* _Task instructions_
No pictures, nothing altered: return the data below.

* _Data extract_
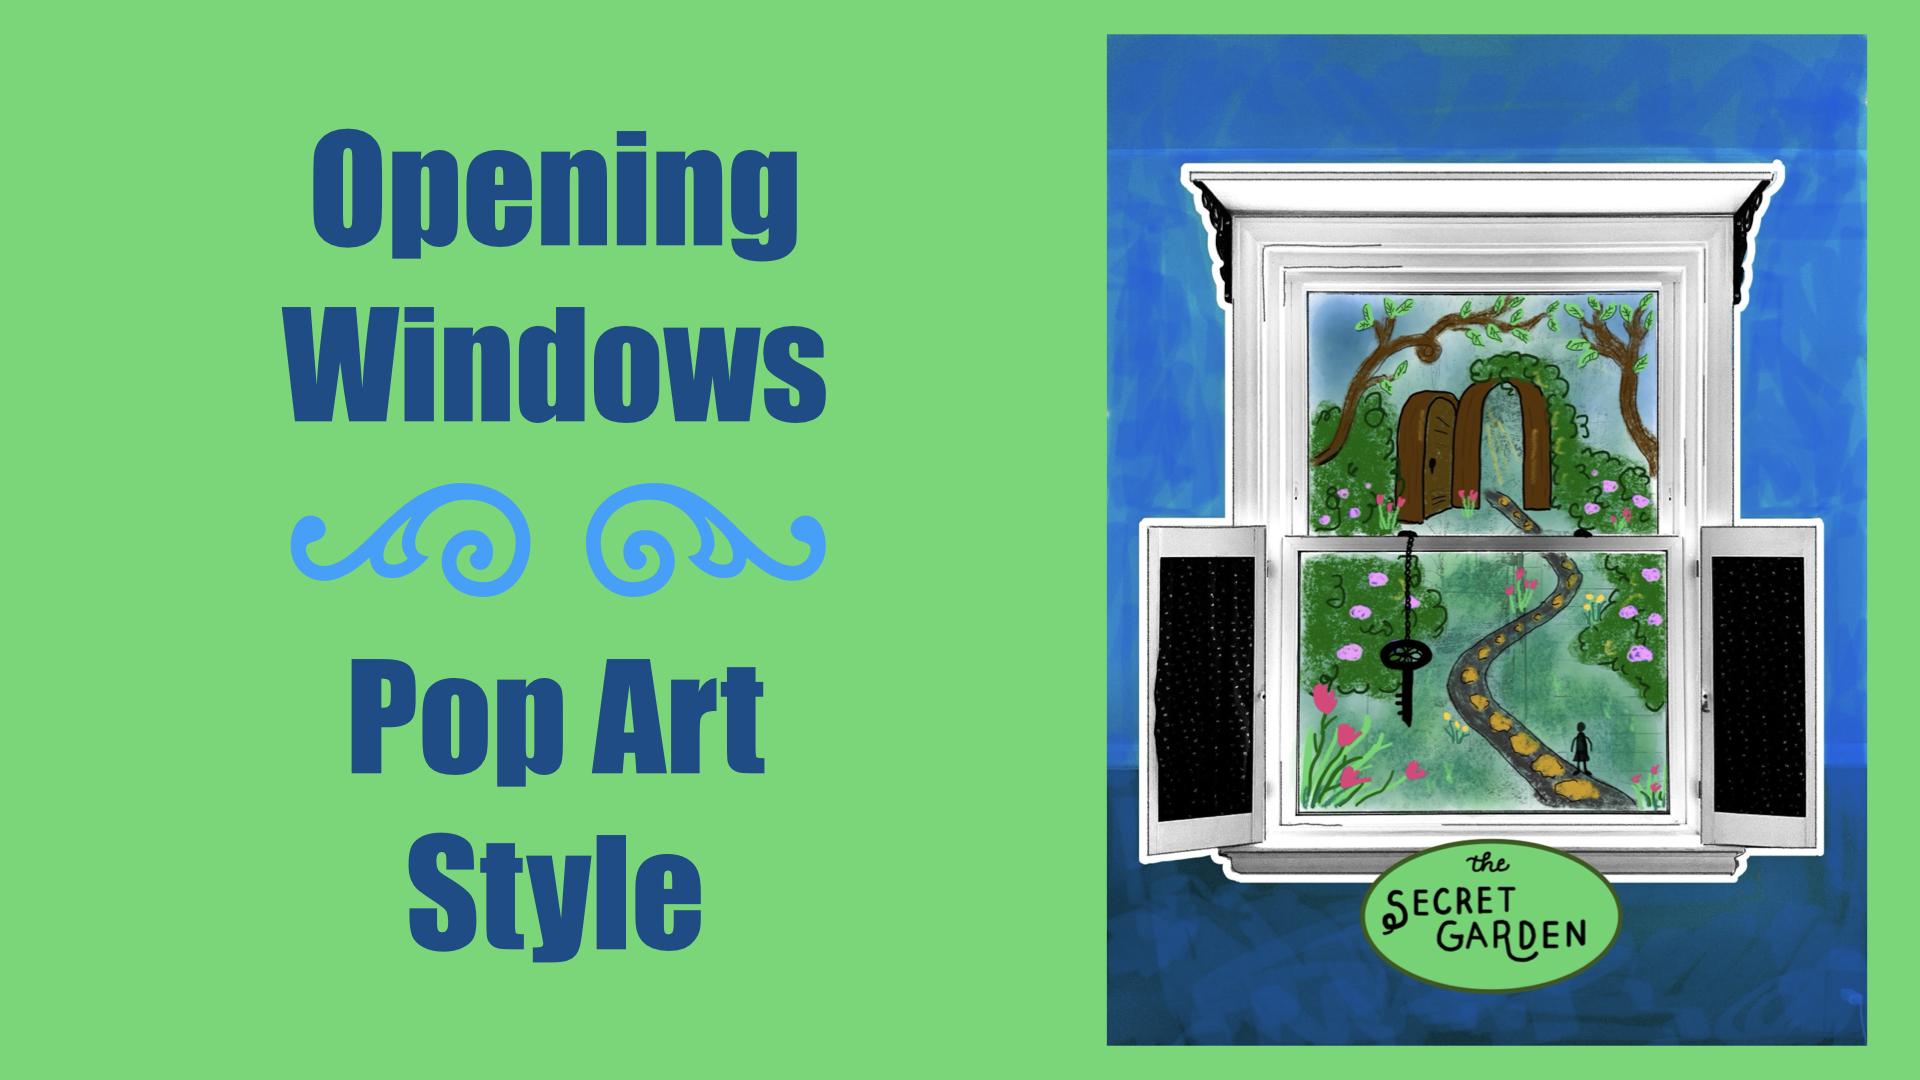 "Opening Windows - Pop Art Style" title graphic with a window looking out into the Secret Garden.
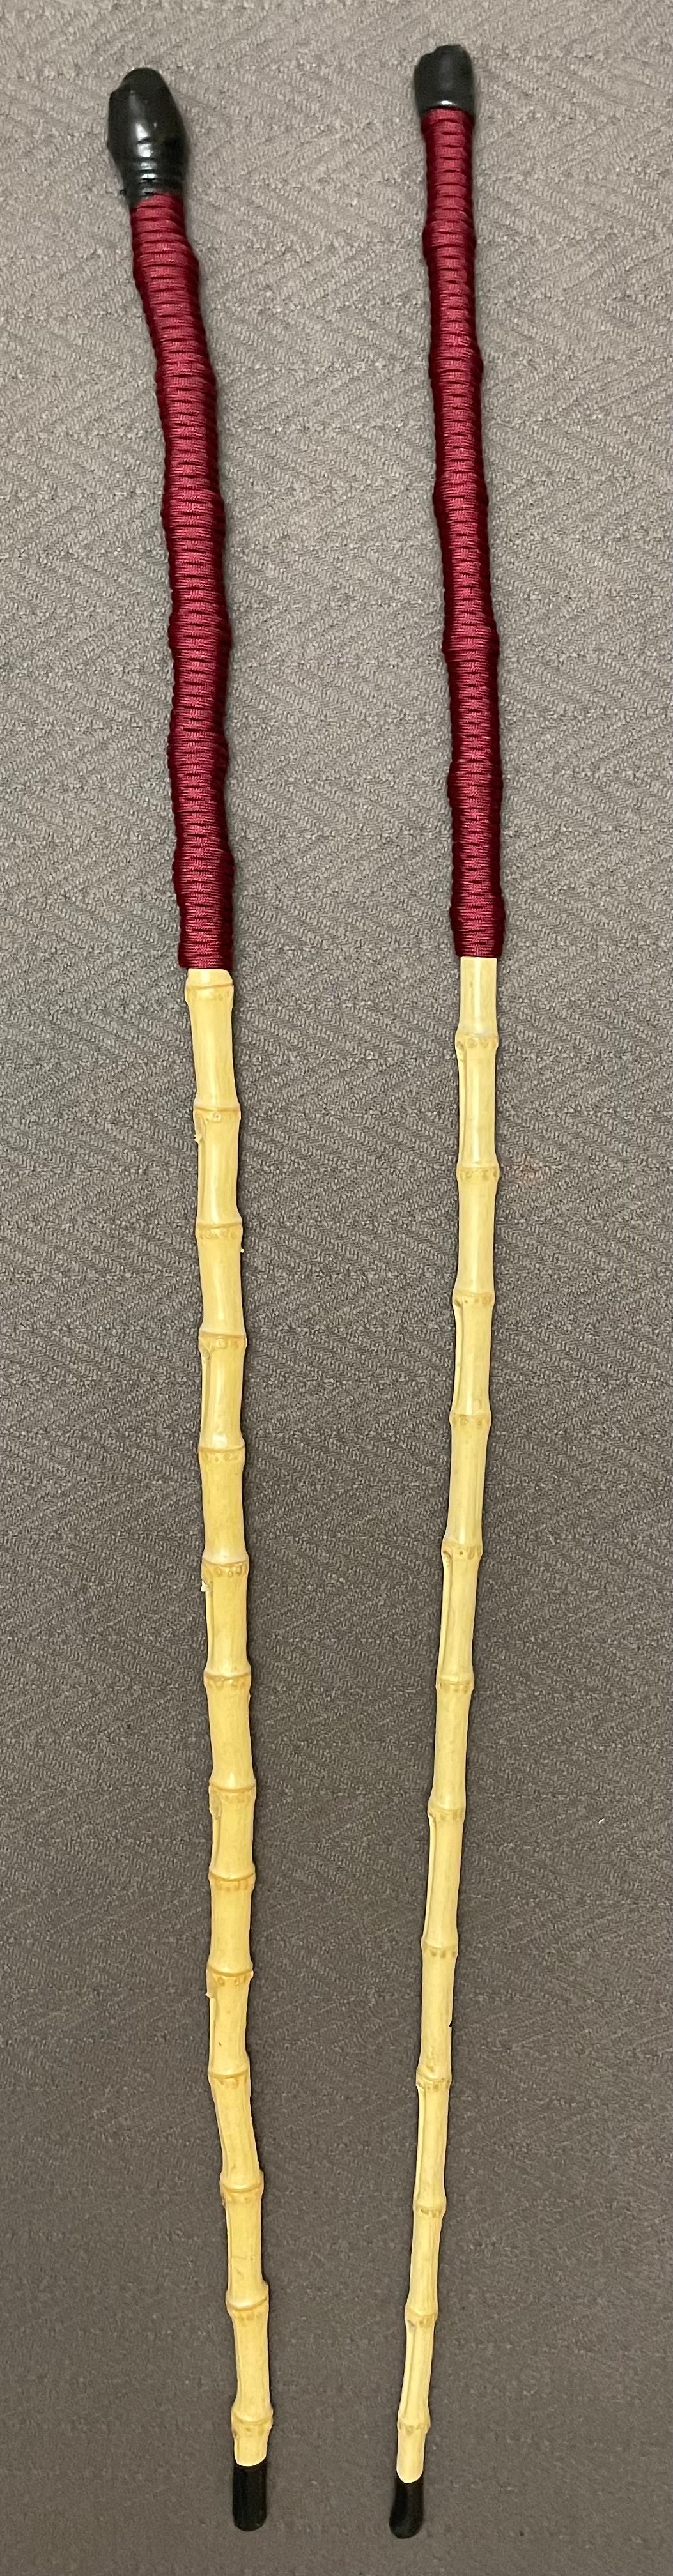 Whangee Punishment Cane (Paracord Handle) - 32 - 35" Length & 9-11mm OR 12-14mm Thickness
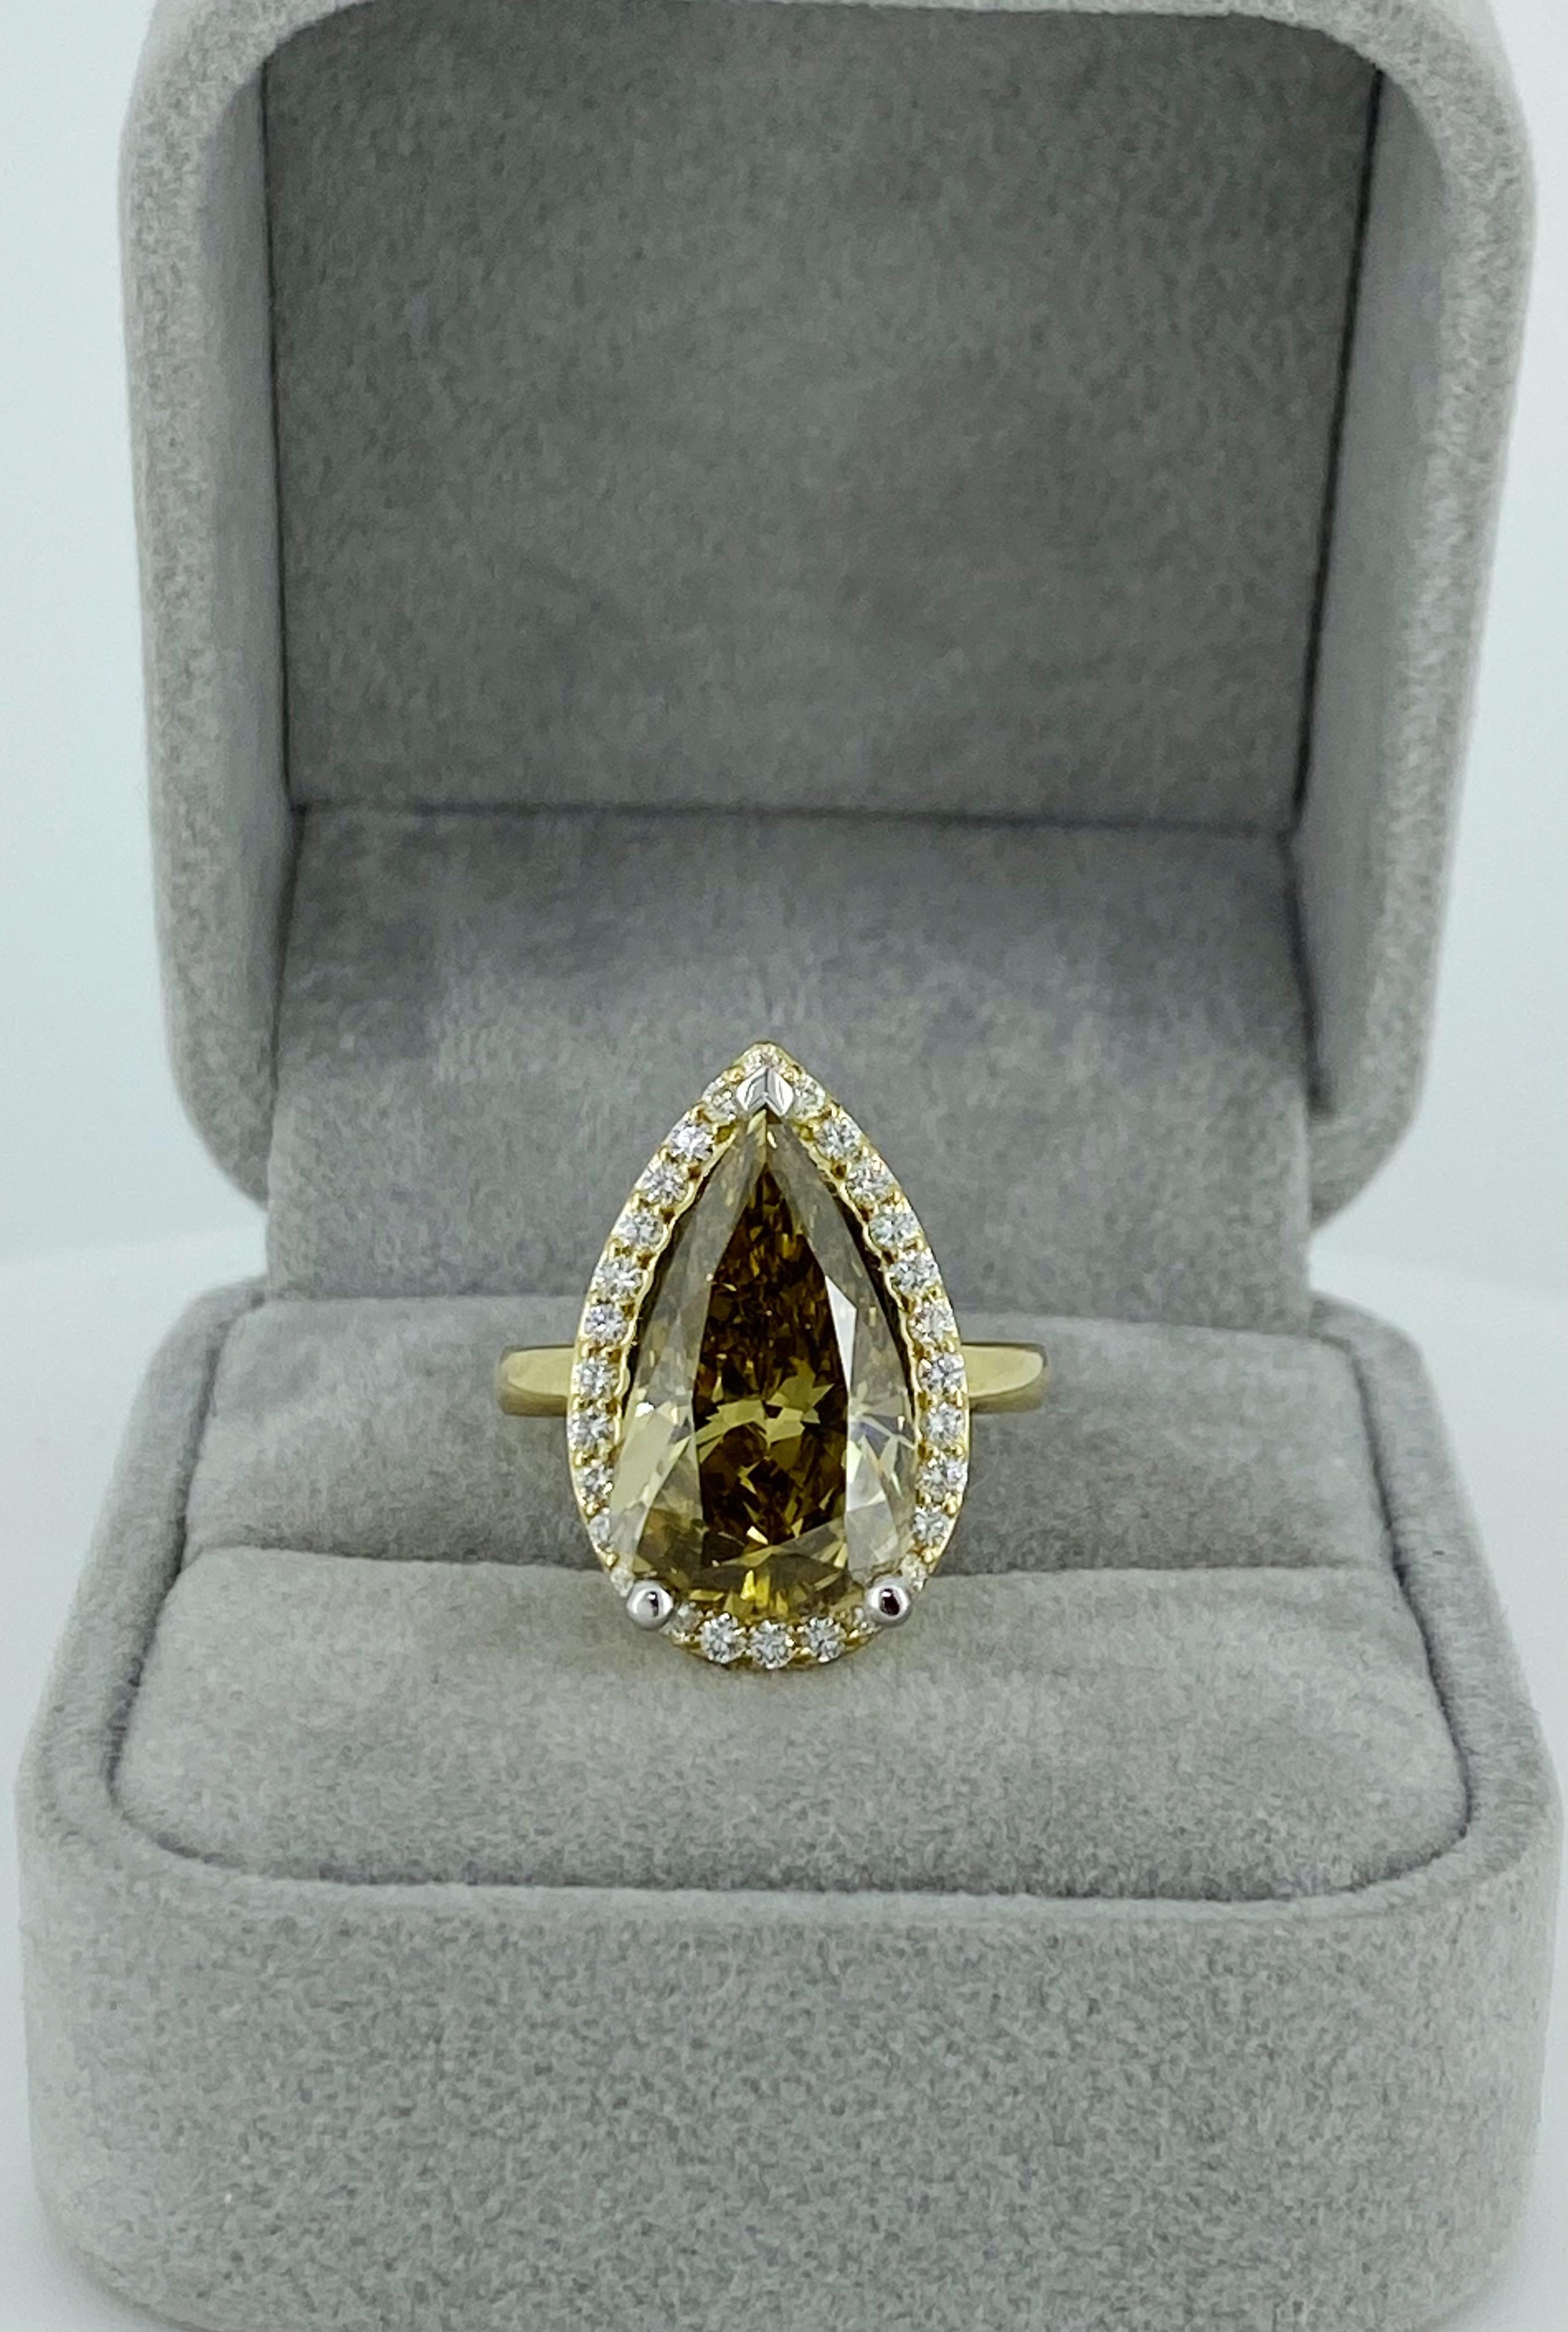 6.36ct Fancy Brownish Yellow Natural Pear Cut Diamond Ring in 18K Yellow Gold For Sale 6

* _Exercise result_
 "Opening Windows - Pop Art Style" title graphic with a window looking out into the Secret Garden.
 Whangee Punishment Cane (Paracord Handle) - 32 - 35" Length & 9-11mm OR 12-14mm Thickness
 6.36ct Fancy Brownish Yellow Natural Pear Cut Diamond Ring in 18K Yellow Gold For Sale 6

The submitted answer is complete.